Grandeur wouldn't be possible without the following tools:

  • nf-tools - for keeping the schema functional
  • nf-docs - creation of nf-core style docs found in docs
  • amrfinderplus - identification of genes associated with antimicrobial resistence
  • bakta - gene prediction
  • checkm2 - assembly QC
  • datasets - downloads genomes from NCBI
  • drprg - TB AMR predictions
  • elgato - Legionella pneumophila Sequence Based Typing (SBT)
  • emmtyper - Group A Strep "emm" typing
  • enatools - download fastq files from the ENA
  • fastp - cleaning reads
  • fastqc - fastq file QC
  • gotree - stats and visualization of newick files
  • heatcluster - visualizes SNP matrix from SNP dists
  • iqtree - phylogenetic tree creation - used after core genome alignment
  • kaptive - Vibrio and Acinetobacter subtyping
  • kleborate - Klebsiella and Escherichia serotyping
  • kraken2 - contamination
  • mash - species identifier
  • mashtree - tree based on mash distances (not impacted by size of core genome)
  • meningotype - Neisseria subtyping
  • mlst - identification of MLST subtype
  • multiqc - summarizes QC efforts
  • mykrobe - Mycobacterium subtyping
  • ngmaster - Neisseria subtyping
  • panaroo - core genome alignment - optional (set with params.msa = true)

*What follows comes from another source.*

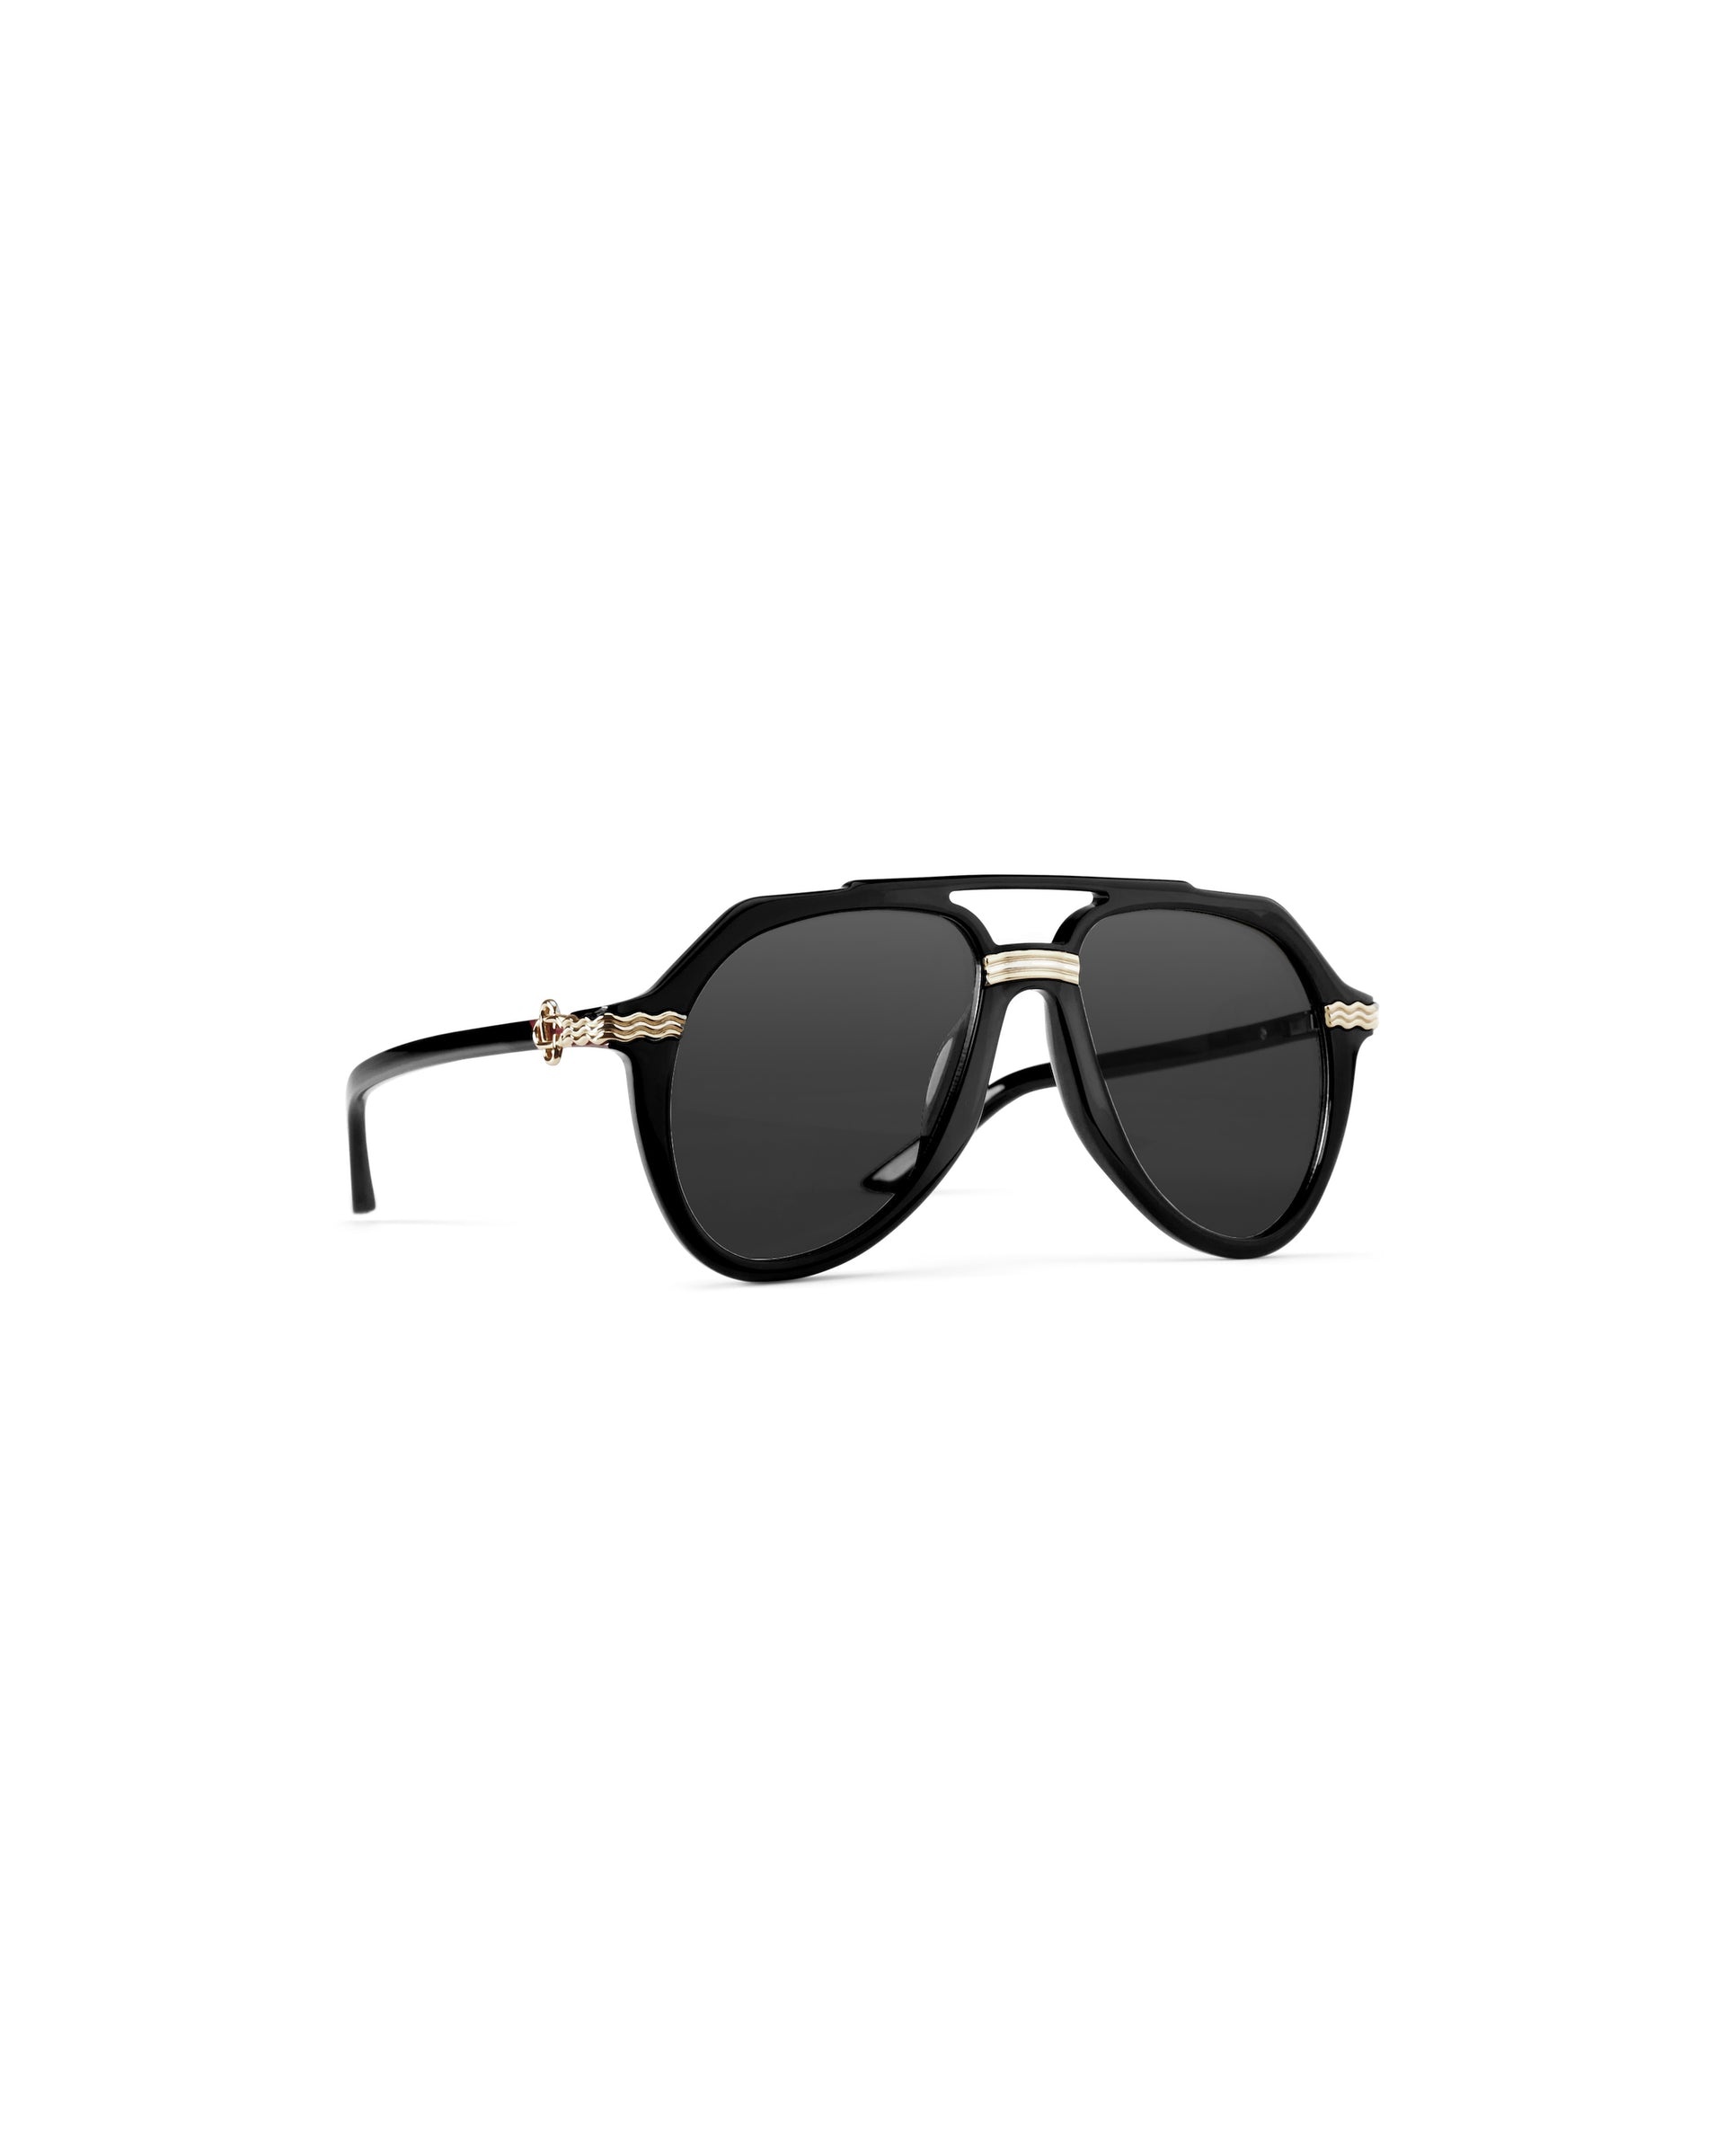 Rajio Black & Gold Sunglasses - 1

  • pbptyper - Penicillin Binding Protein (PBP) typer for Streptococcus pneumoniae assemblies
  • plasmidfinder - MLST typing for plasmids
  • prokka - gene annotation - used for core genome alignment
  • quast - contig QC
  • roary - core genome alignement - optional (set with params.msa = true)
  • seqsero2 - Salmonella serotyping
  • seqsero2S - Salmonella serotyping
  • serotypefinder - E. coli serotyping
  • shigapass - Shigella serotyping
  • ska2 - sequencing comparison
  • skani - ani comparison
  • snp-dists - SNP matrix - used after core genome aligment
  • spades - de novo alignment
  • spestimator - species estimation
  • sylph - taxonomic profiling

The expected tools are split into multiple processes. Each process has its own wiki page that we encourage users to view.